А сейчас, летом 822-го года петербургским любителям словесности Федоров
готовит подарок - две эпиграммы на Дельвига - те самые, что осенью
Александр Ефимович поместит в "Благонамеренном" за подписью
Д. и
Б.Д. (то
есть за подписью самого Дельвига). Кроме приближенных к Измайлову, никто,
разумеется, не знает истинного сочинителя, и сам Дельвиг, видимо,
подозревает в равной степени и Александра Ефимовича, и Остолопова, но,
кажется, он считает, что это проделки Сомова, а на Федорова не думает. Не
знаем, стал ли Федоров Борькой благодаря Дельвигу или уже назывался Борькой,
когда его так назвал Дельвиг, только известно, что самое площадное свое
сочинение Дельвиг написал именно про него:
Федоров был в 822-м году по возрасту молодым человеком 24-х лет, по
службе - секретарем Александра Ивановича Тургенева в департаменте духовных
дел, по дружбе - сочувственником Александра Ефимовича Измайлова и душевным
приятелем Панаева. Он сочинял столько, сколько не писывали за год Хвостов и
Шаховской, обоюдно взятые. Зато он был не только застрельщиком
подлепарнасских сшибок, но и сражался после начала битвы до последней капли.
Эпиграммы же его на Дельвига не были ни сладки, ни горьки и имели целью
изобличить великую сонливость барона, воспетую самим Дельвигом и всеми его
друзьями. Первая эпиграмма называлась "Эпитафия баловню-поэту"; вторая - "К
портрету NN". "Его будили - нынче нет, - писал Борька про Дельвига. -
Теперь-то счастлив наш Поэт!" Вторая эпиграмма имела ту же дозу веселости.
Но кажется нам, не Федоров тогда первым начал и его эпиграммы явились
уже после помянутых 11-ти куплетов...
Июль был жаркий и многолюдный; вместе с гвардией вернулись Болтин и
Чернышев. Боратынский и Коншин еще оставались в Петербурге.

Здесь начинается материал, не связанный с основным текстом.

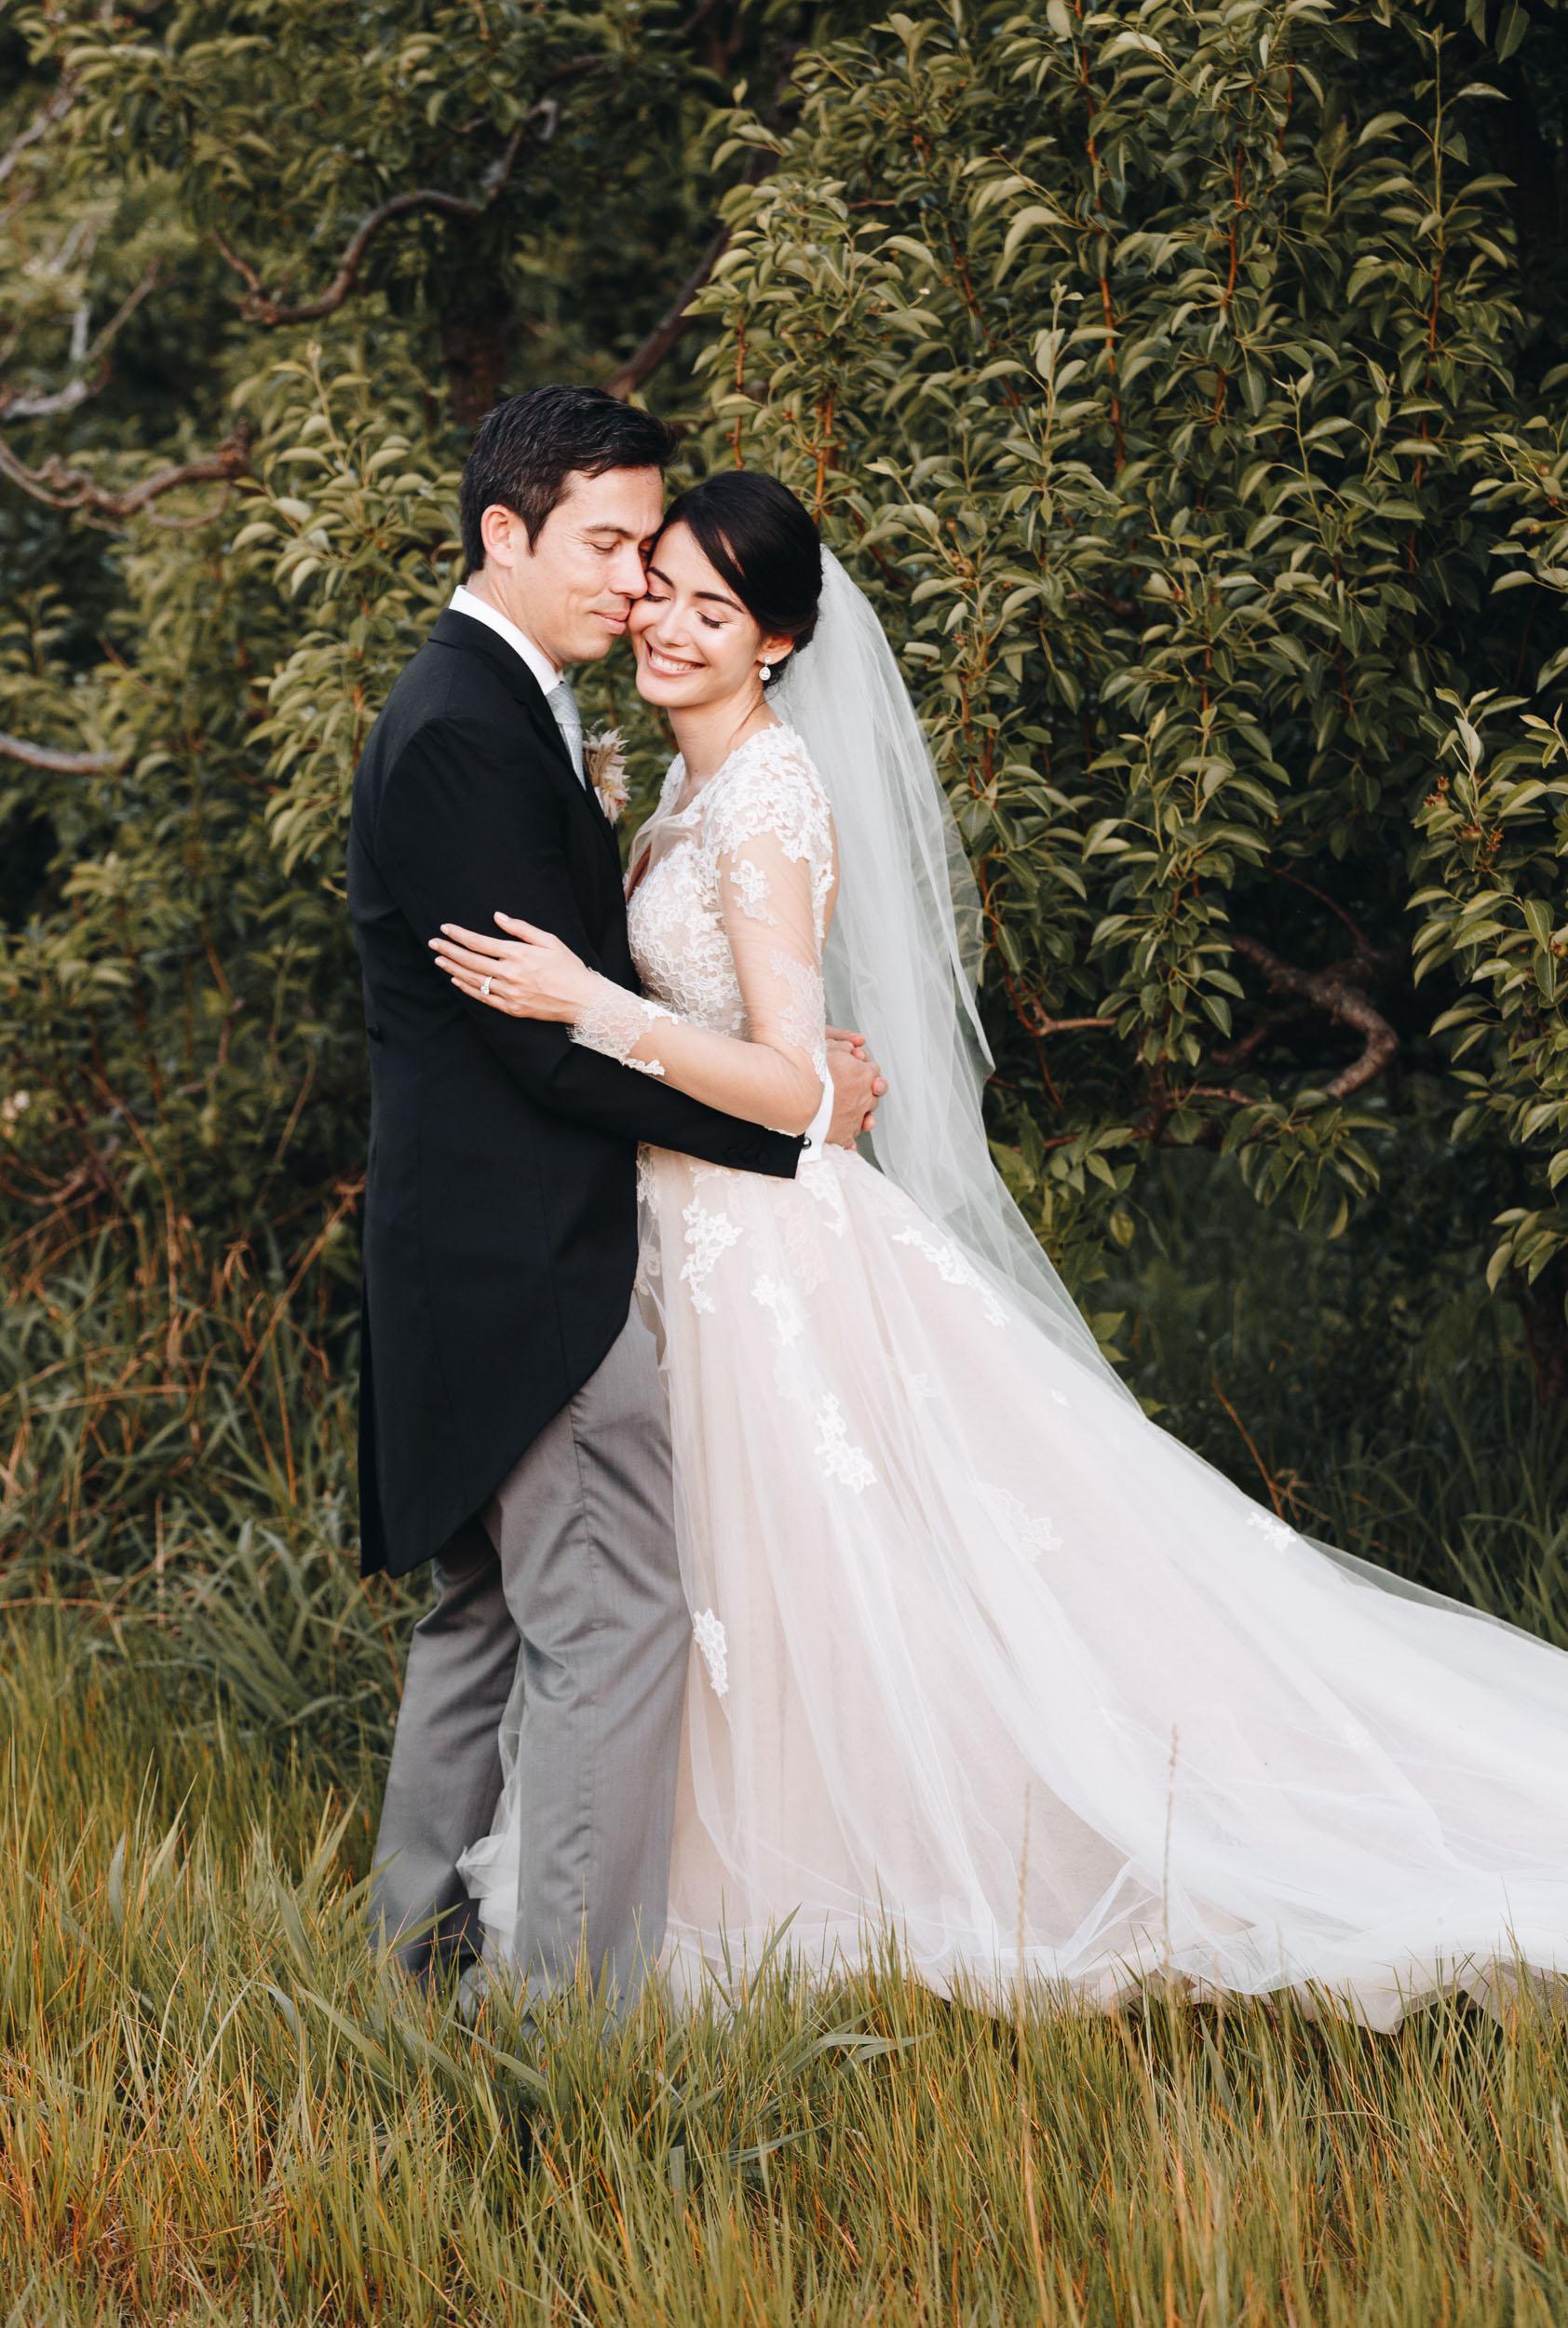 Jenny-Rockett-John-Scranton-Cape-Town-Wedding-Photographer-Andrea-Kellan-189.jpg

- Друзья! - восклицал, веселея, Коншин, - сегодня невзначай пришла
мне мысль благая вас звать в Семеновский, на чай. - В Семеновских ротах
квартировали до августовского выхода в Финляндию многие нейшлотцы. - Иди,
семья лихая!.. Приди, Евгений, мой поэт, как брат, любимый нами, ты
опорожнил чашу бед, поссорясь с небесами... И Дельвиг, председатель муз, и
вождь, и муж совета, покинь всегдашней лени груз, бреди на зов поэта... И
Чернышев, приятель, хват... Болтин-улан, тебе челом, мудрец златого века!..
Дай руку, брат, иди ко мне, затянем круговою! Прямые радости одне за чашей
пуншевою... - Клич Коншина назывался: К нашим ("Не ваш, простите, господа;
не шумными иду путями", - отвечал потом всем нашим Борька).

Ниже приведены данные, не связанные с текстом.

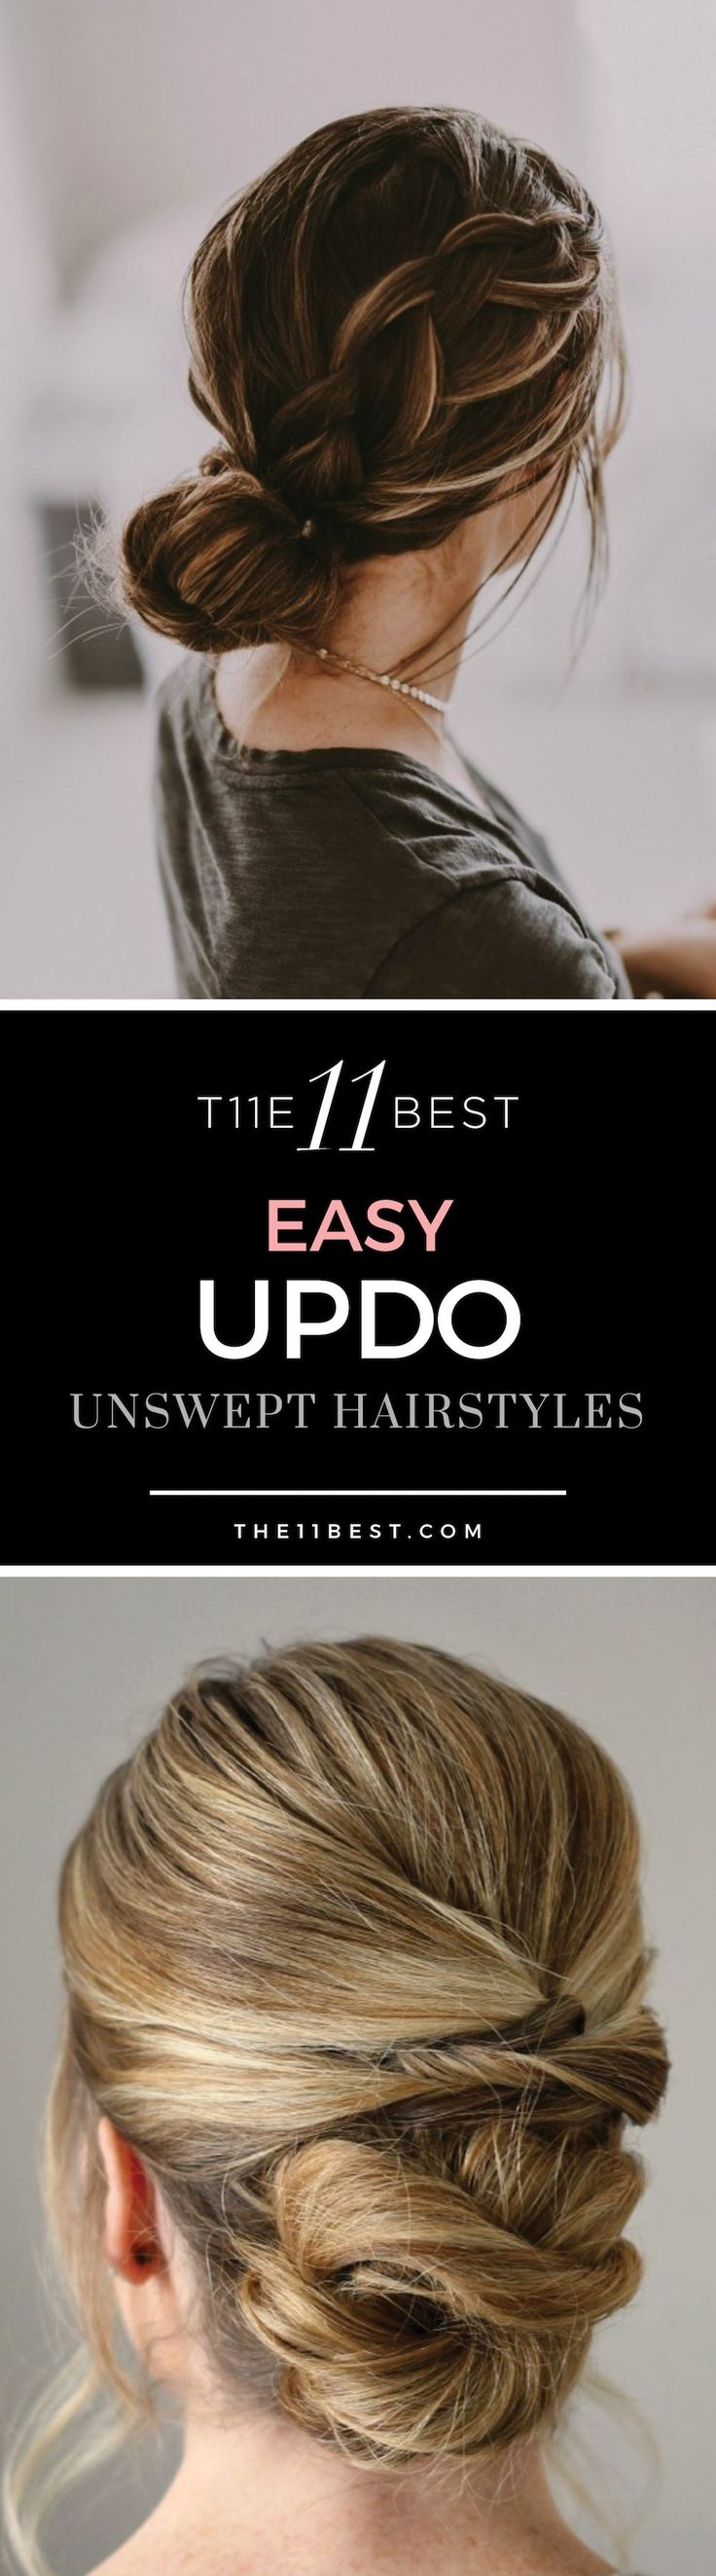 Best Loose Chignon Ideas On Pinterest Low Updo Loose Updo - Diy chignon boheme

Жар встреч, пыл разговоров и пламенная младость, верно, завели их на
премьеру выше помянутых "Новостей на Парнасе". - Суть новостей Шаховского
была в том, что Водевиль, Журнал и Мелодрама отважились соревновать Музам,
но, понятно, успеха не имели и были торжественно изгнаны со сцены,
декорированной Парнасскими пейзажами. Должно быть, тогда-то - в промежутке
между музицированиями под нежный голос ангела Софи, раздумьями об отставке и
застольями в честь Ильи Андреевича - унтер-офицер Боратынский с артелью и
сочинил "Певцов 15-го класса". Может быть, в артели, кроме Дельвига, был еще
кто-то из наших, но анналы пиров расплывчаты так же, как любовные предания,
и на имена и даты скупы.
Стихи были, натурально, для себя и в печать могли попасть только, если
бы не Батюшков, а Бируков сошел с ума. Но Бирукову сходить было не с чего,
да и стихи были хороши, если честно признаться, лишь тем, что в них наши
откатали не наших.
Завязкой сих водевильных куплетов стали "Новости на Парнасе".

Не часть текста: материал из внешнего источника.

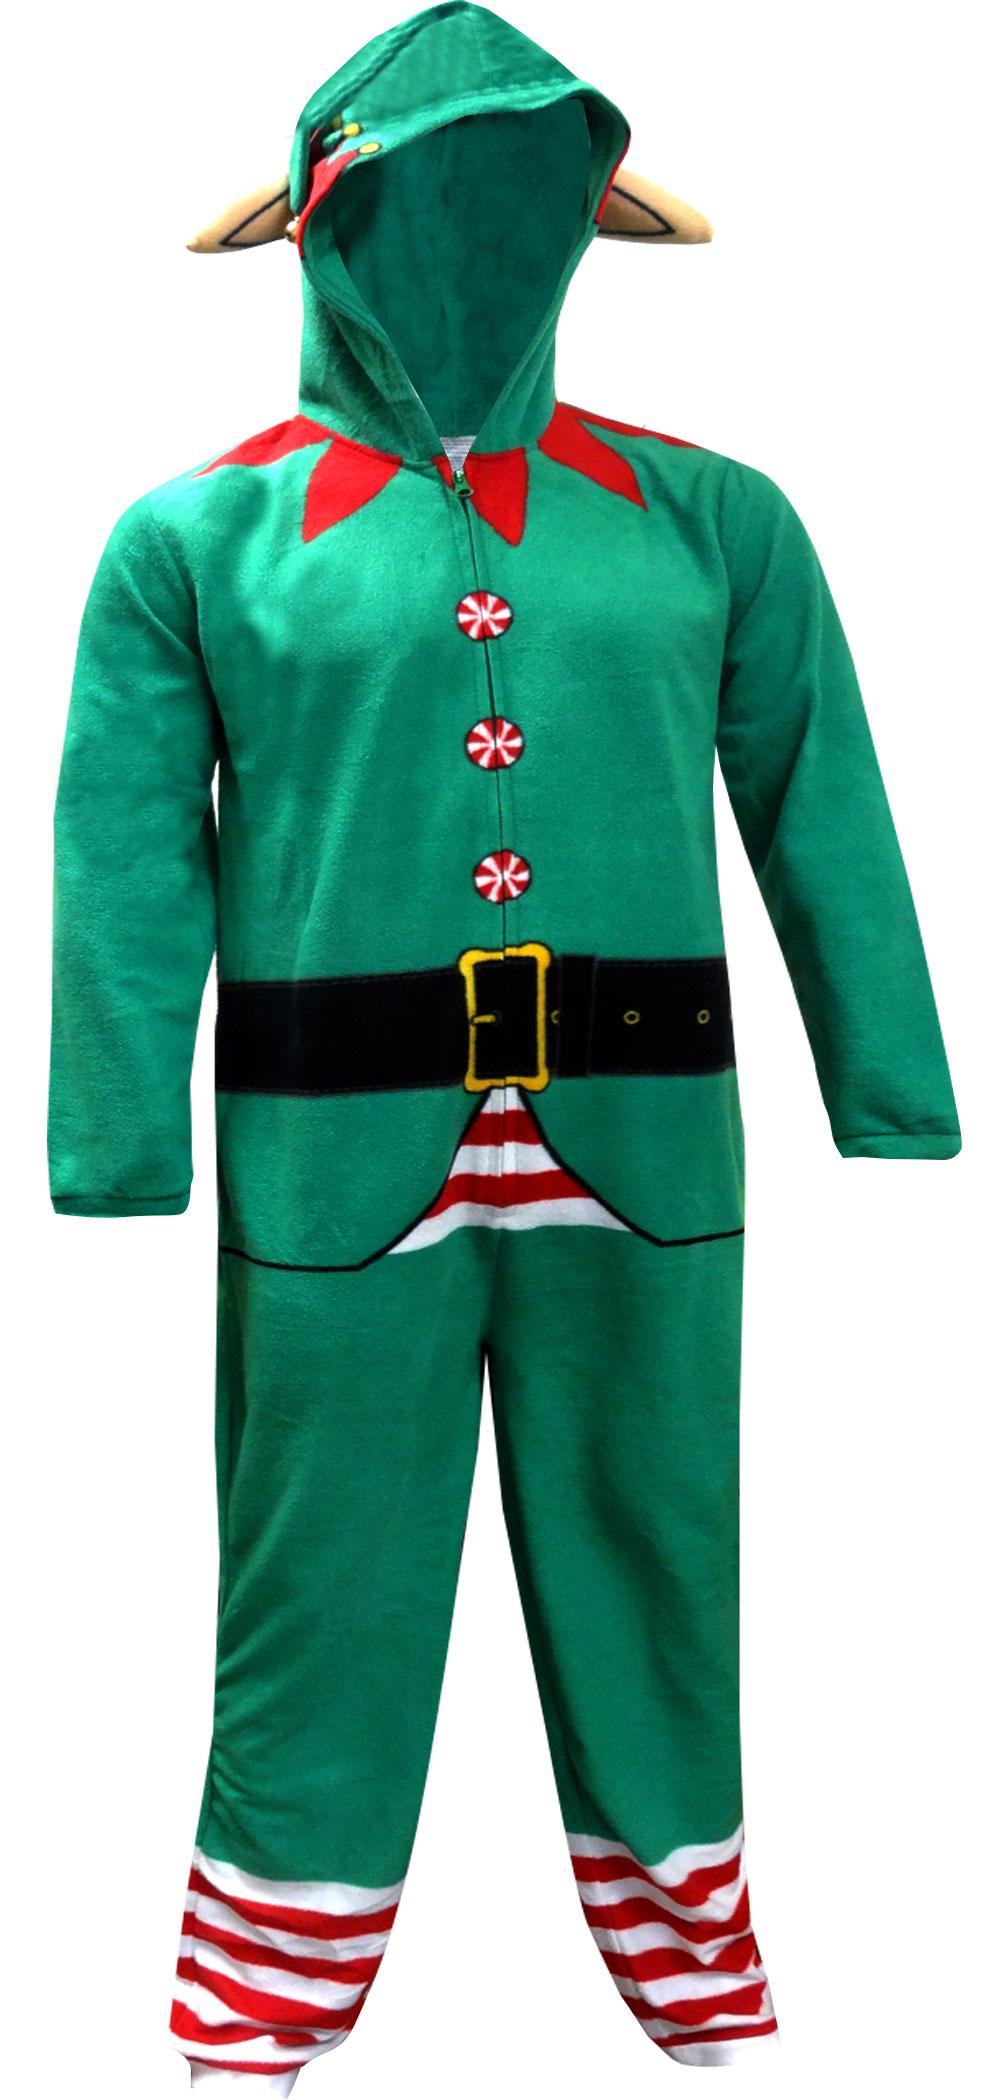 Image of Christmas Elf Onesie Hooded Union Suit Pajama for men

Князь Шаховской согнал с Парнаса
Но жаль, что только не согнал
(15-го класса не предусматривала Табель о рангах - наименьшим был чин
14-го класса - тот самый, о котором хлопотал сам Боратынский.)
Но я бы не согнал с Парнаса
Дальше шли куплеты от лица Александра Ефимовича ("Я председатель и отец
певцов 15-го класса"), Остолопова ("Я перевел по-русски Тасса, хотя его не
понимал"), Панаева ("Во сне я не видал Парнаса"), Сомова, одного из братьев
Княжевичей, Чеславского ("Я конюхом был у Пегаса") и Хвостова. Последний
куплет был про Бирукова ("Я не 15 класса, я цензор - сиречь - я подлец").
Словом, тут были собраны главные действующие лица Михайловского общества и
"Благонамеренного". - Такие сочинения пишутся в полчаса (по неписаным
законам пиров - между шестой и девятой) ; переписываются они и разлетаются
по Петербургу в полтора дня. Но, помноженные семикратно (Бируков не в счет)
на самолюбия задетых сочинителей, они имеют долголетнее бытие и иногда
служат завязкой пожизненных ссор.
Однако на этот шомпол не был нанизан Федоров. Артель удовольствовалась
на его счет прежними (еще в "Ответе Крылову") стрелами, от которых Федоров
не мог бы отвести лба, даже если те стрелы не в него летели:
О славе Фофанов хлопочет:
Трудится он, а Феб хохочет.
- Не ваш, простите, господа, - прямо, как воин, отвечал Борька. - Я
не имею дарованья: вас не хвалил и виноват! Не стою вашего посланья, и мне
стишков не посвятят. - Сам он, однако, посвятил им немало стишков. Чтобы
любезный читатель убедился воочию на счет Борькиной бездарности, помещаем
здесь четыре куплета Федорова о Боратынском:
В элегии, посланье и романсе
На пир и к чашам он зовет.
Honni soit qui mal y pense * -
В элегии, посланье и романсе
Honni soit qui mal y pense -
Он в людях ест и пьет за трех.
В элегии, посланье и романсе
Honni soit qui mal y pense -
Он дремлет, и читатель с ним.
В элегии, посланье и романсе
Honni soit qui mal y pense -
И в этом также правды нет.
* Стыдно тому, кто дурно об этом подумает (фр.).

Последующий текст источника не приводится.